Even contemporary rock is not alien to Min, who made a guest appearance on singer Björk's album, Volta, in 2007 and was invited to perform as a special guest with Björk at Madison Square Garden and Radio City Music Hall in New York City following the release of the album.


Min's solo recordings, The Moon Rising (1996), Spring, River, Flower, Moon, Night (1997) and With Six Composers (1998), as well as her DVD release, Min Xiao-Fen – Live, of a performance at Roulette in New York City (2002), have all been well received.


Min has been a featured soloist at the New York Guitar Festival, the Geneva Music Festival, the Utrecht International Lute Festival, the Berlin Chinese Music Festival, the Lincoln Center Festival, the Macao Arts Festival, the Shanghai Spring International Music Festival, the Great Mountains International Music Festival in Korea, the San Francisco Jazz Festival, the Christian Marclay Festival at the Whitney Museum of American Art, the Festivalgerie 2010 and 2011, and the Undead Jazzfest 2011.
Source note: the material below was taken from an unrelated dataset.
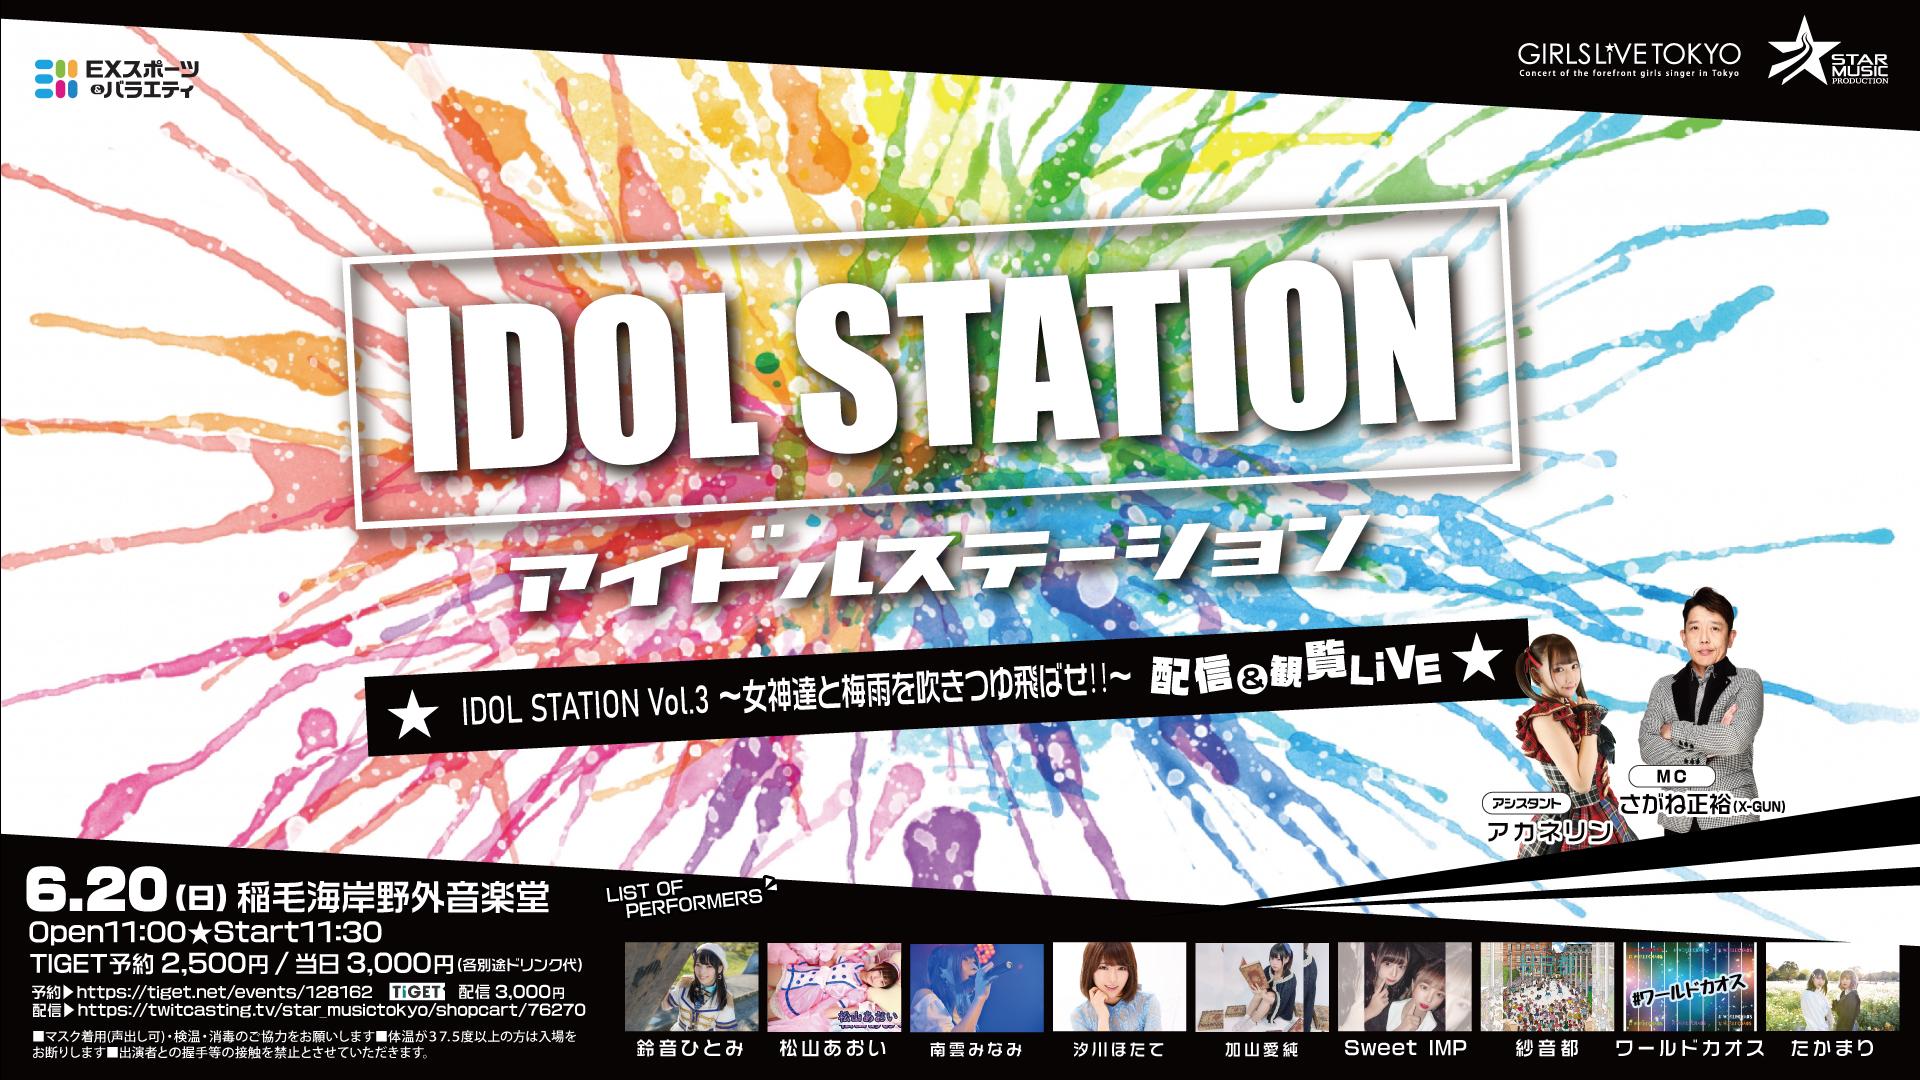 「アイドルステーション Vol.4~女神達と梅雨を吹き飛ばせ‼~」

As a composer, Min received a commission in 2007 for "Return of the Dragon" from The Kitchen in New York, followed by a performance with her Asian Trio. She was a featured composer and performed her solo piece "Blue Pipa" for the American Composers Orchestra's Composer Out Front series. "Ghost Masks" was commissioned and performed by Min–Wu–Xu at the Glatt & Verkehrt Festival in Krems, Austria in 2008, and her solo "Dim Sum" was premieredat Interpretations in 2010 in New York.


Min regularly performs with her own groups:

- Blue Pipa Trio (with bassist Dean Johnson and guitarist Steve Salerno), which performs Min's compositions and arrangements combining Chinese folk music, regional operas and Taoist music with American jazz standards and bluegrass, as well as other influences; Min Xiao-Fen's Traditional.
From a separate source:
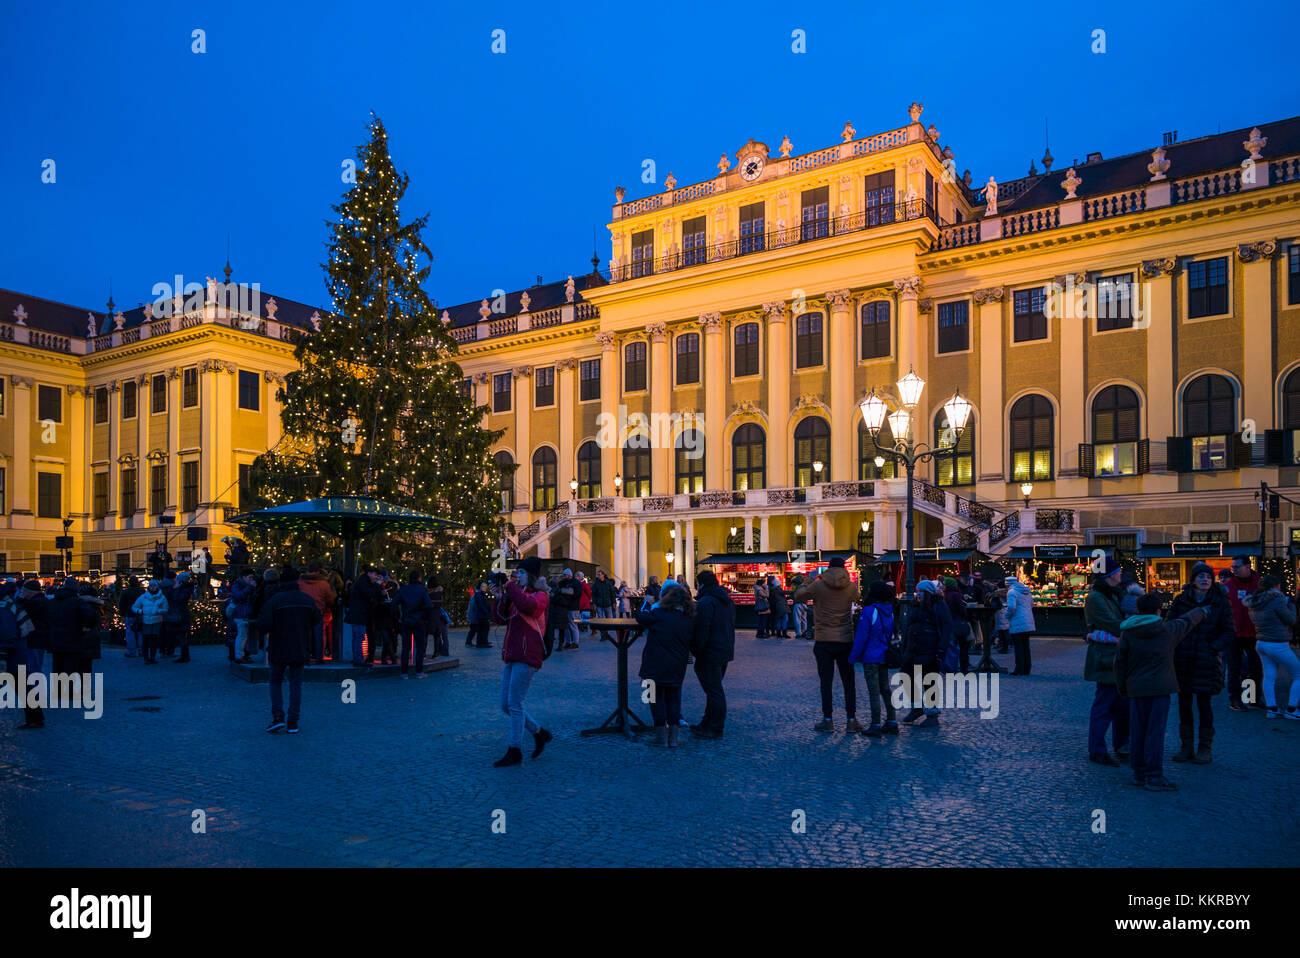 Austria, Vienna, al Palazzo di Schonbrunn, mercato di natale, sera Immagini Stock

- Chinese Women String Ensemble, which combines Min's pipa with players of other Chinese instruments (erhu, yangqin and zheng), in a repertoire of traditional Chinese music and beloved folksongs.

- The Asian Trio (with Korean cellist Okkyung Lee and Japanese percussionist Satoshi Takeishi), featuring compositions combining Asian influences with improvised music.
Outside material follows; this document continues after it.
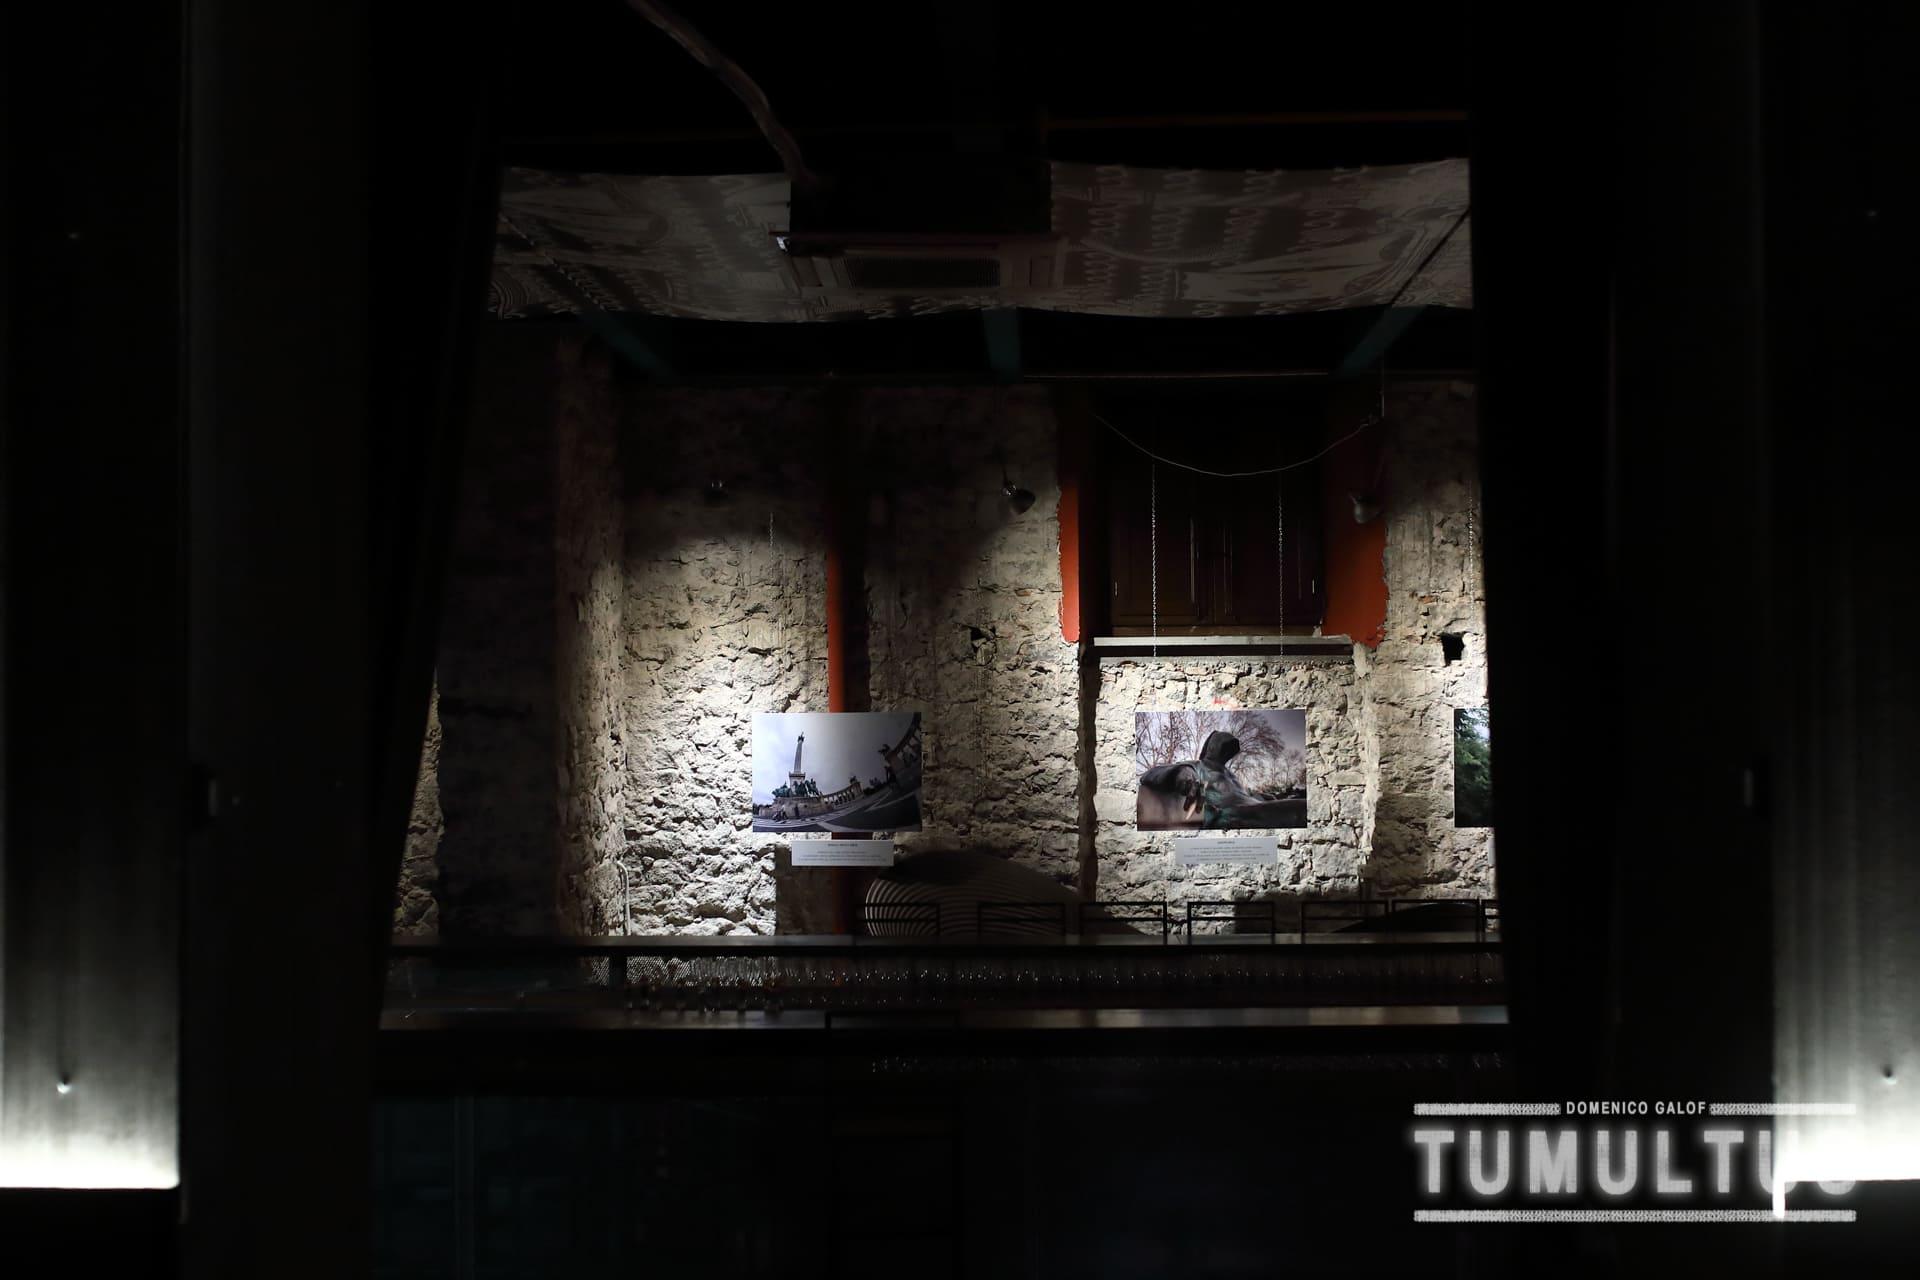 L'Origine di Tumultus (12)

- Min–Wu–Xu, which brings together three pioneers of the Chinese avant-garde combining both instrumental and vocal music. Performance highlights include the opening of Chinese Cultural Week at Millennium Park in Chicago, Weill Recital Hall at Carnegie Hall, the Museum of Modern Art in New York, Flushing Town Hall, Richmond Centerstage, the Brooklyn Museum, Columbia University, Texas A&M University and the Metropolitan Museum of Art.


Min has taught many master classes and has been an artist in residence at schools and universities across the United States and Europe, including the Juilliard School, Manhattan School of Music, Boston Conservatory, The New School, Columbia University, Haystack Mountain School of Arts & Crafts, James Madison University, Wellesley College, University of California, San Diego, Pittsburgh’s CAPA High School, Brooklyn Friends School and Amsterdam Conservatory.


She is the founder of Blue Pipa Inc. (www.bluepipa.org) and currently lives in Forest Hills, Queens.